In short, On the Road seemed rather tame to me, its rebellion more ingenuously earnest than hard-edged, and I read no further Kerouac for many years. Not too long ago, I decided to try reading On the Road again, expecting that I would quickly enough find it the same tepid experience as the first time around, that I would in fact probably stop reading it fairly early on and consign Kerouac permanently to the category of literary disappointments. However, although I can't say I immediately became entranced by it, I did not stop reading it. I did almost immediately judge the novel's protagonist, Sal Paradise, to be a more interesting character than I had previously, when he seemed to be mostly a cipher. Now I saw his restlessness as a genuine craving for experience, not affectation or pretense. At the same time, I found Dean Moriarty a less annoying character than I had the first time around, although I still wouldn't identify his appearances in the novel as necessarily among its highlights. I suspect that the reputation as an "outlaw" text to which I responded impatiently in my initial reading of On the Road, originates in an over-identification with Moriarty, who some readers took to be the novel's most important character. I think Sal Paradise is obviously the main character, and while Moriarty has his role to play in the intensification of Sal Paradise's immersion in experience, he does still too often come off as affected and pretentious, and future critics and scholars would do the novel a service by focusing more on the way his character reinforces the novel's formal and stylistic ambitions and less on his dubious deeds and spurious words of wisdom.

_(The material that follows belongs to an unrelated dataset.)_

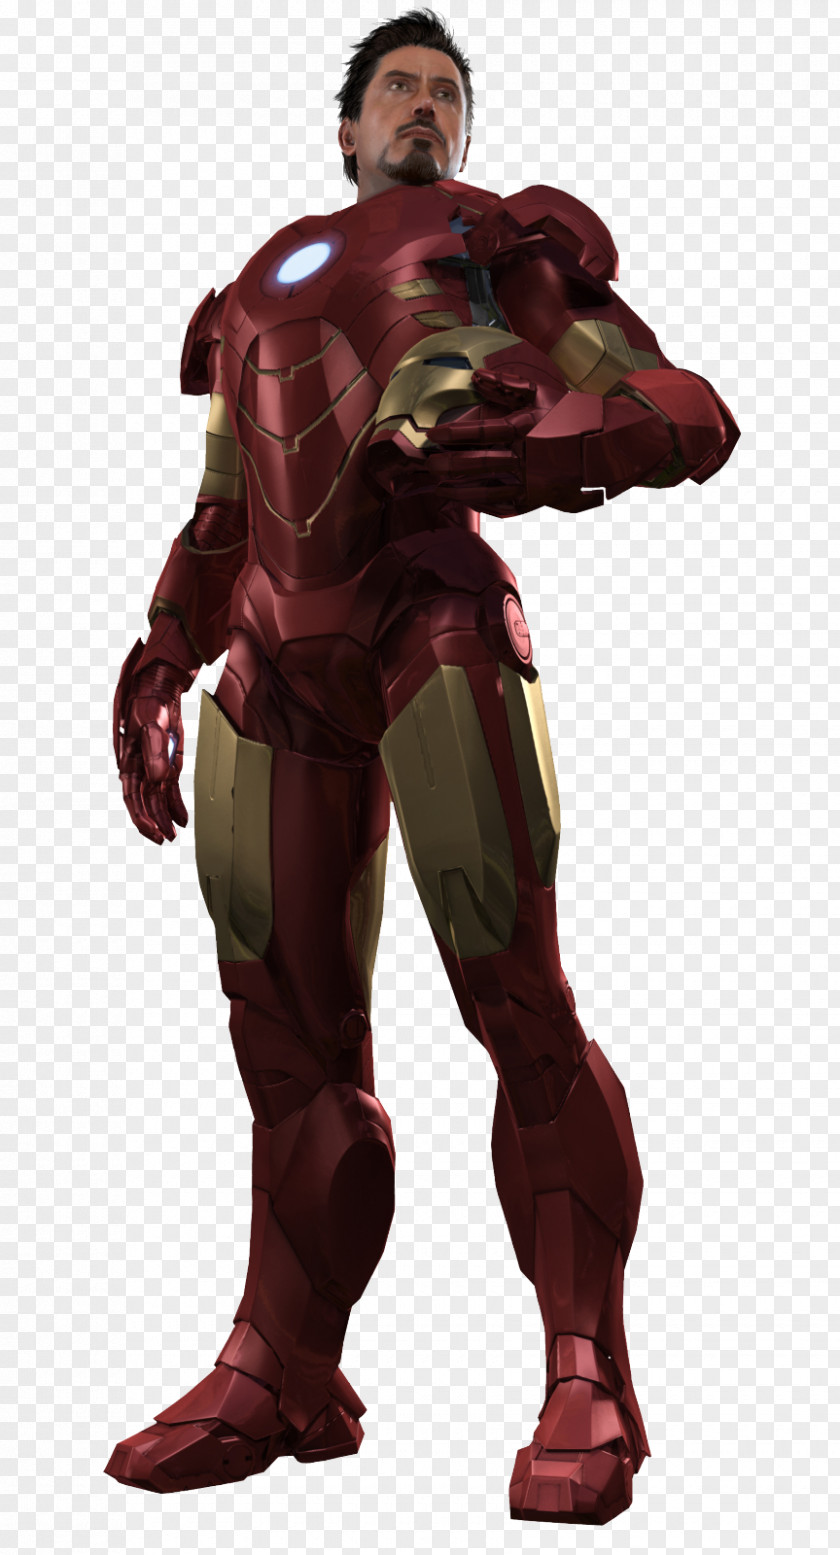 Ironman Iron Man 2 War Machine Man's Armor Video Game PNG

It was precisely the formal and stylistic qualities of On the Road that I eventually found myself appreciating more charitably on this second read. I think I originally experienced On the Road as essentially formless, even though I understood it was very loosely structured as a "picaresqu" narrative ("very loosely" being the characteristic I noticed most). What now seems clearer to me is the strategy by which Kerouac both enlists the picaresque strategy--which is often thought of as a kind of denial of form, although it is not--and fractures it even further to convey an impression of "spontaneous" action that the novel merely chronicles. On the Road invokes the journey motif associated with picaresque, but where most classic picaresque narratives present the journey as a serial, unbroken series of episodes that lead directly to journey's end, On the Road fragments the journey, leaves it off only to pick it up again, the episodes united only by the participation of Sal Paradise, who meets up with and then departs from the various characters who contribute to his effort of "going West to see the country," as he puts it in the novel's first paragraph. The novel thus can be taken as an experiment with the picaresque form specifically, but also as an effective application of "form" more generally.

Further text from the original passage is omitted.